Search code examples
html-parsinglxml

Why is lxml closing this "ol" tag when parsing?


Here is some HTML:

<ol><ul><li>item</li></ul></ol>

and some python 3 code with lxml to parse it and re-print it:

import sys
from lxml import etree, html

document_root = html.fromstring(sys.stdin.read())
print(etree.tostring(document_root, encoding='unicode'))

Here is the output:

<div><ol/><ul><li>item</li></ul>
</div>

In the output, lxml closes the ol before the ul starts, which changes the list structure.

Why is it doing that?

Can I get lxml to parse HTML in such a way as to preserve the list structure?

EDIT: NOTE that this example parses fine if I replace ul with ol (<ol><ol><li>item</li></ol></ol>), or if I replace ol with ul (<ul><ul><li>item</li></ul></ul>). The output is unchanged from the input.

I don't have control over the HTML, it could come from anywhere.
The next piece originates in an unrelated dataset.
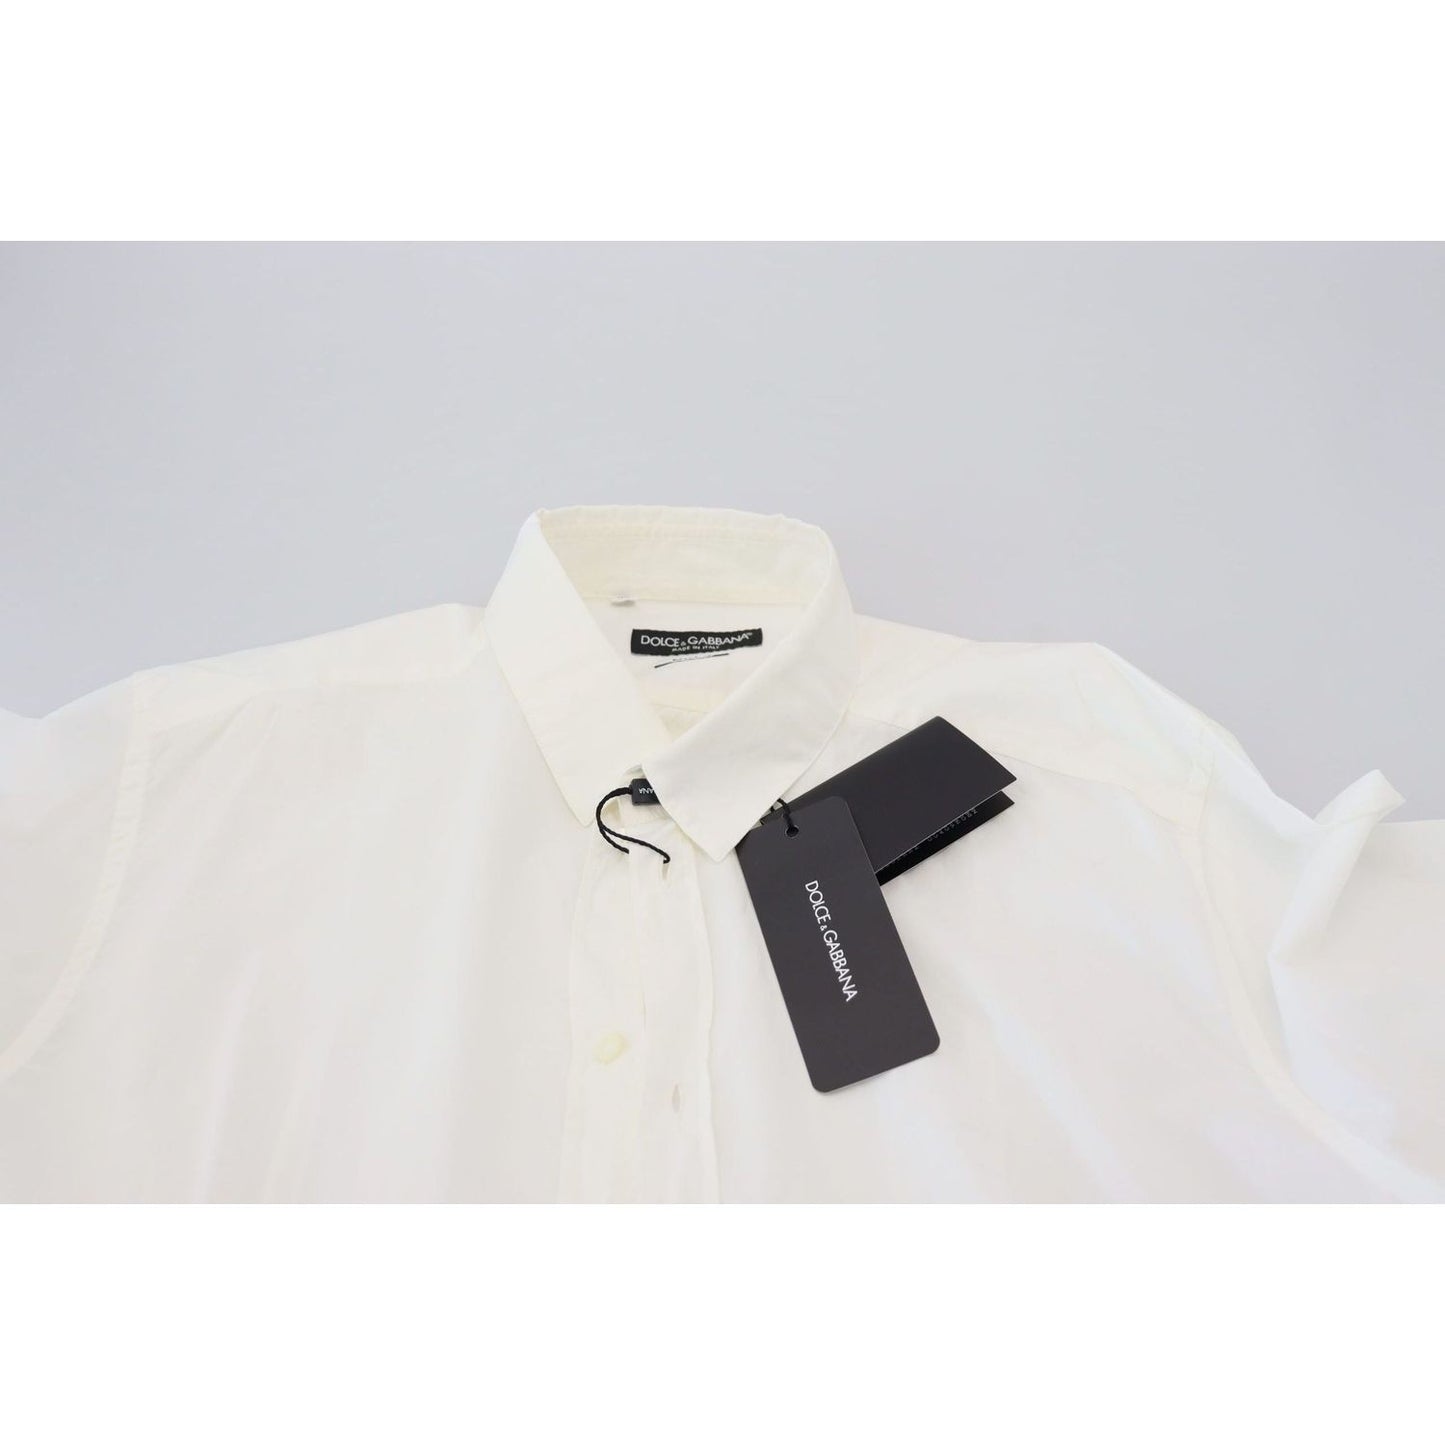 Dolce & Gabbana Elegant Slim Fit Dress Shirt white-cotton-slim-fit-dress-shirt IMG_8073-scaled-fbf1d9cc-6cd.jpg

I'm using lxml 4.6.3, installed from PyPi, and python 3.9.

OR, is there another way to parse HTML in a way that I can pull list text out of it preserving the list structure in Python?

Just so you know, I'm using lxml to drop attributes, so below is code that is closer to my use case. However, I wanted to give the smallest reproducible test case first.

Code closer to my use case:

import sys

import lxml.html.clean as clean
from lxml import etree, html

document_root = html.fromstring(sys.stdin.read())

cleaner = clean.Cleaner(safe_attrs_only=True, safe_attrs=frozenset())
cleansed = cleaner.clean_html(document_root)

# Do something with the lists in cleansed, defined by ol, ul, and li ..

print(etree.tostring(cleansed, encoding='unicode')

Solution

  • I think neither HTML 4 nor HTML5 allows an ul element as a child of an ol element. Only li elements can be direct children.

    That might be why an HTML parser builds a tree structure not representing the nesting you have in your input markup. Whether a "traditional" HTML 4 parser, like probably implemented in lxml's/libxml's HTML parser algorithm, did the same change to the structure is something I don't remember and I am not sure where to test it.

    While two HTML5 validators flag your ul as a not-allowed child of ol, current browsers seem to preserve that nesting.